-
-
Notifications
You must be signed in to change notification settings - Fork 749
Description
Describe the issue:
Over in rapidsai/dask-upstream-testing#40 (comment), I'm debugging an issue in cuml that cropped up between dask 2025.2.0 and main.
Minimal Complete Verifiable Example:
The following ran with dask / distributed 2025.2.0: uv run --with ipython --with dask[dataframe]==2025.2.0 --with distributed==2025.2.0 --with pyarrow ipython
from distributed import Client
import pandas as pd
import dask.dataframe as dd
client = Client(n_workers=2)
def gen(i):
return pd.DataFrame({"A": [i]}, index=[i])

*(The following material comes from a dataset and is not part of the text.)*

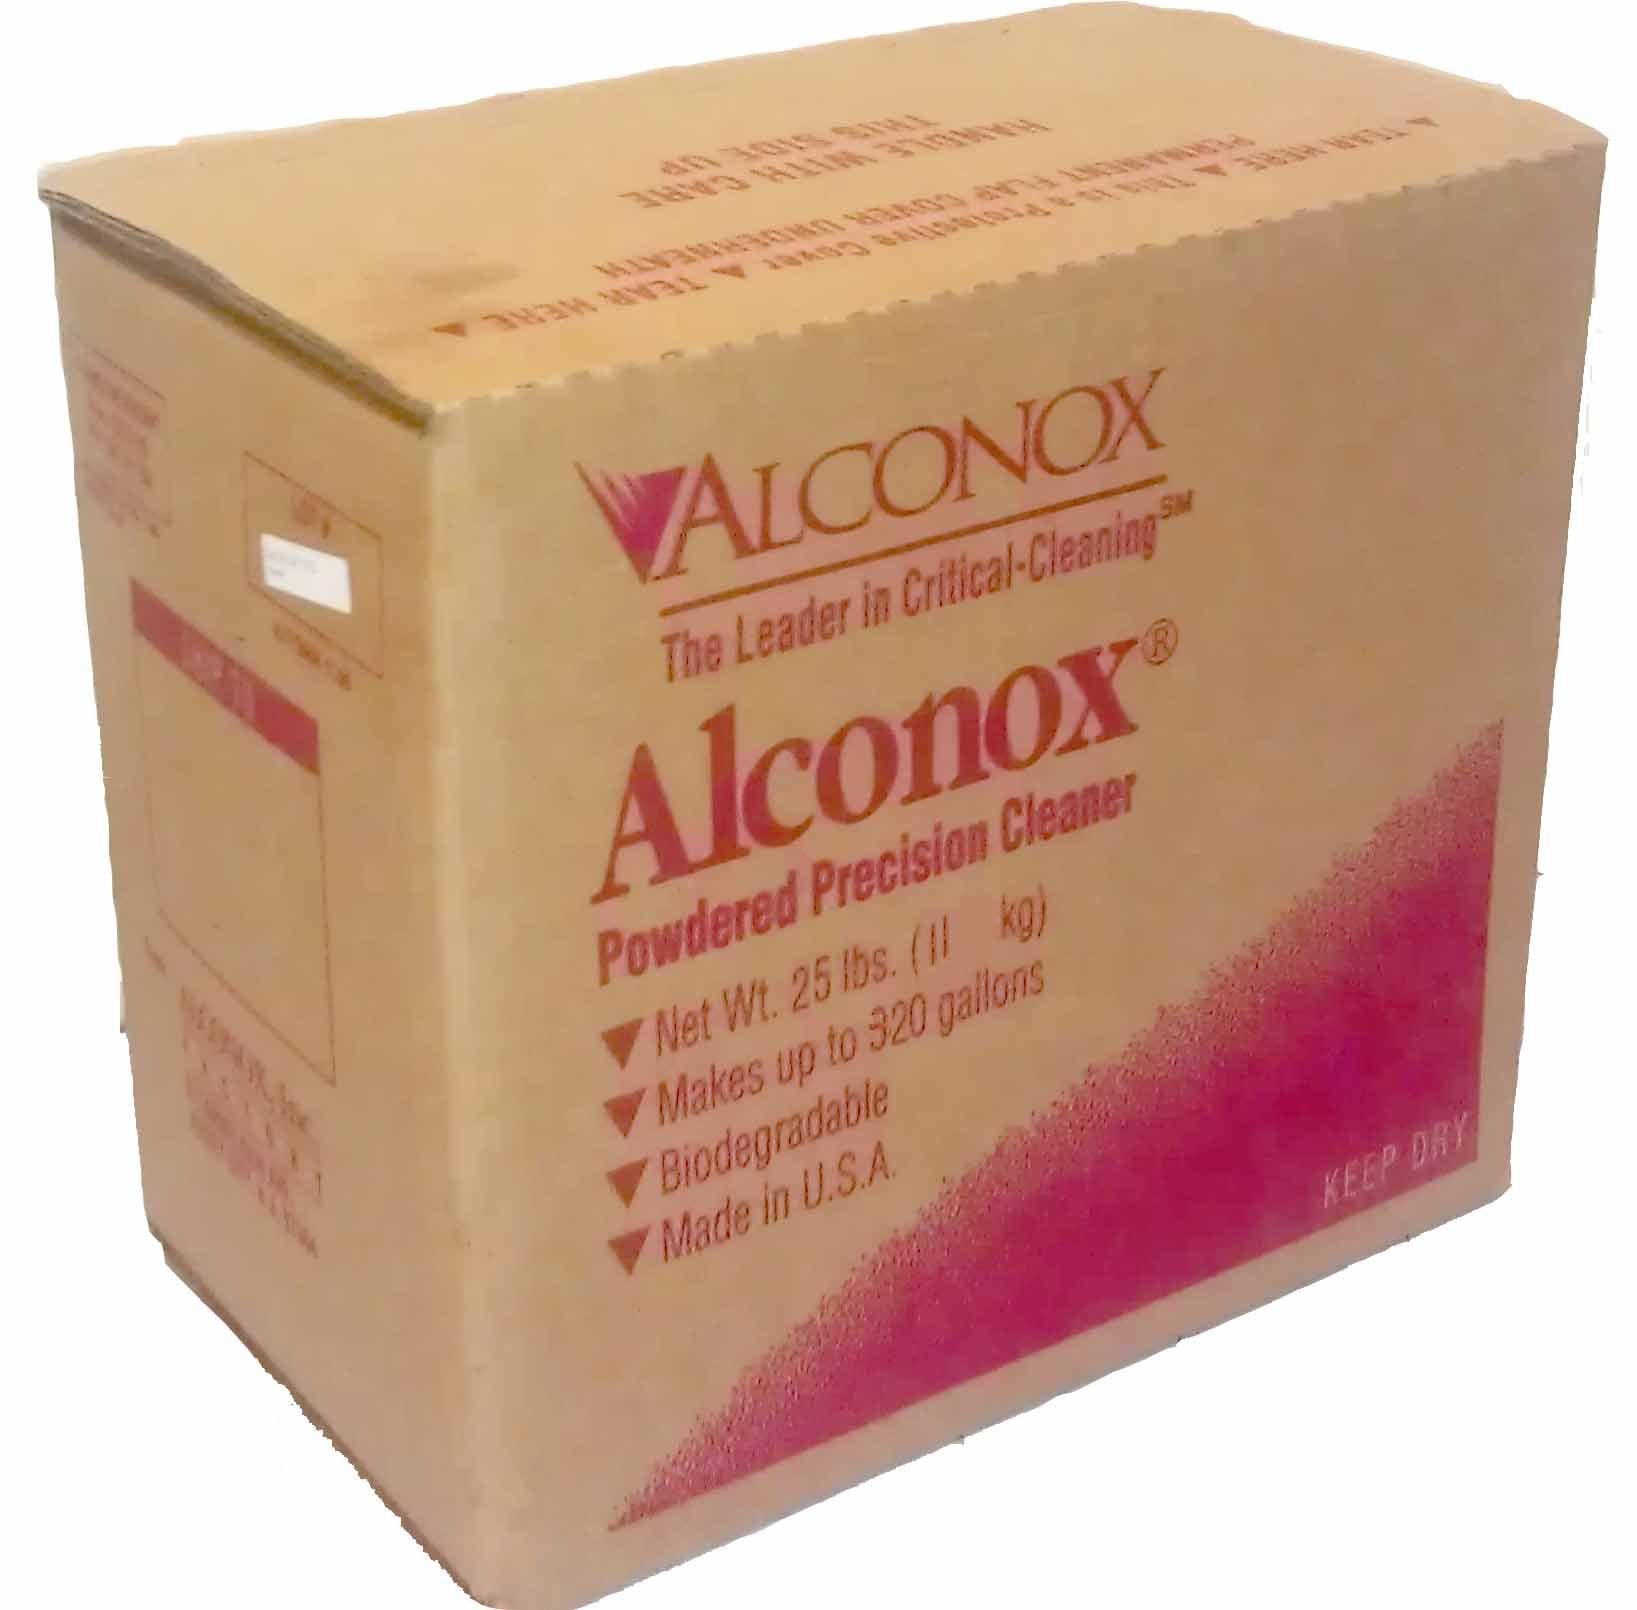 Alconox 1125 Powdered Precision Cleaner, 25lbs Box

futures = [client.submit(gen, i) for i in range(3)]
meta = gen(0)[:0]
df = dd.from_delayed(futures, meta)
df.compute()
import gc
del futures
gc.collect()
df.compute()With dask / distributed main it fails:
❯ uv run --with ipython --with "dask[complete] @ git+https://github.com/dask/dask" --with "distributed @ git+https://github.com/dask/distributed" --with pyarrow ipython
Updated https://github.com/dask/distributed (6691e27d)
Updated https://github.com/dask/dask (0fa5e18d5)
...
---------------------------------------------------------------------------
FutureCancelledError Traceback (most recent call last)
Cell In[1], line 22
19 del futures
20 gc.collect()
---> 22 df.compute()
File ~/.cache/uv/archive-v0/n2LAuIxOxeQzXo5nnHTn7/lib/python3.13/site-packages/dask/base.py:373, in DaskMethodsMixin.compute(self, **kwargs)

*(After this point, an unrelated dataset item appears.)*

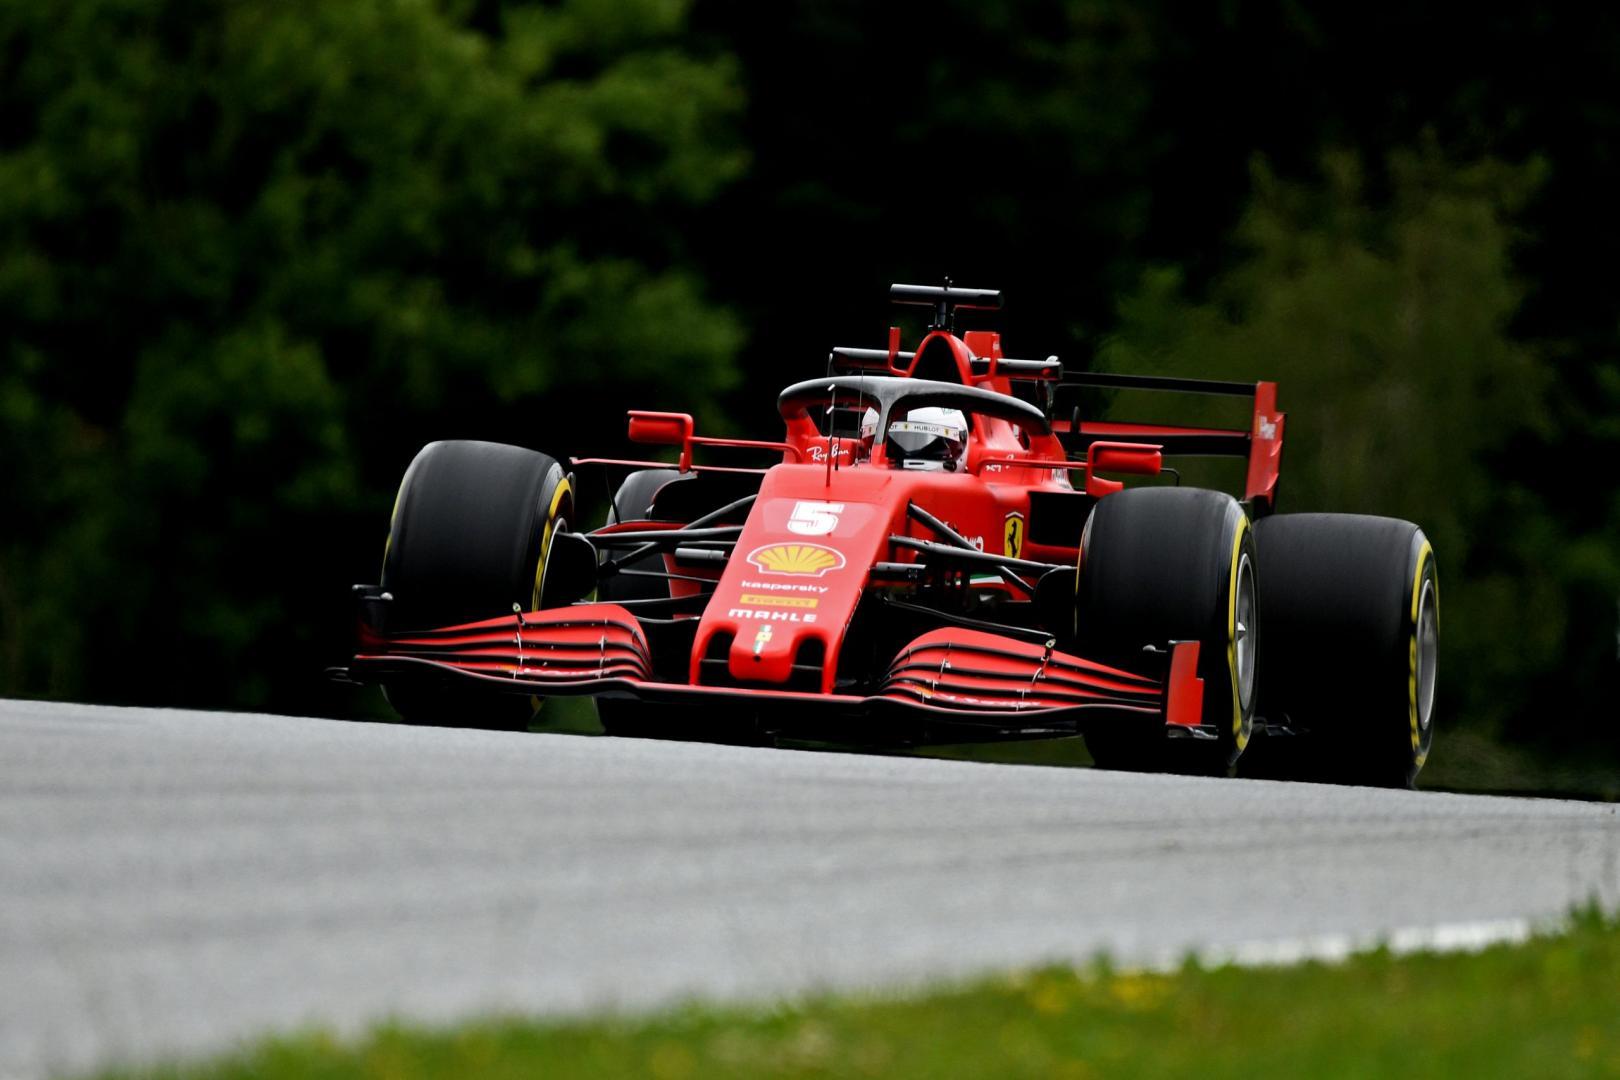 Kwalificatie van de GP van Oostenrijk 2020

349 def compute(self, **kwargs):
350 """Compute this dask collection
351
352 This turns a lazy Dask collection into its in-memory equivalent.
(...) 371 dask.compute
372 """
--> 373 (result,) = compute(self, traverse=False, **kwargs)
374 return result
File ~/.cache/uv/archive-v0/n2LAuIxOxeQzXo5nnHTn7/lib/python3.13/site-packages/dask/base.py:681, in compute(traverse, optimize_graph, scheduler, get, *args, **kwargs)
678 expr = expr.optimize()
679 keys = list(flatten(expr.__dask_keys__()))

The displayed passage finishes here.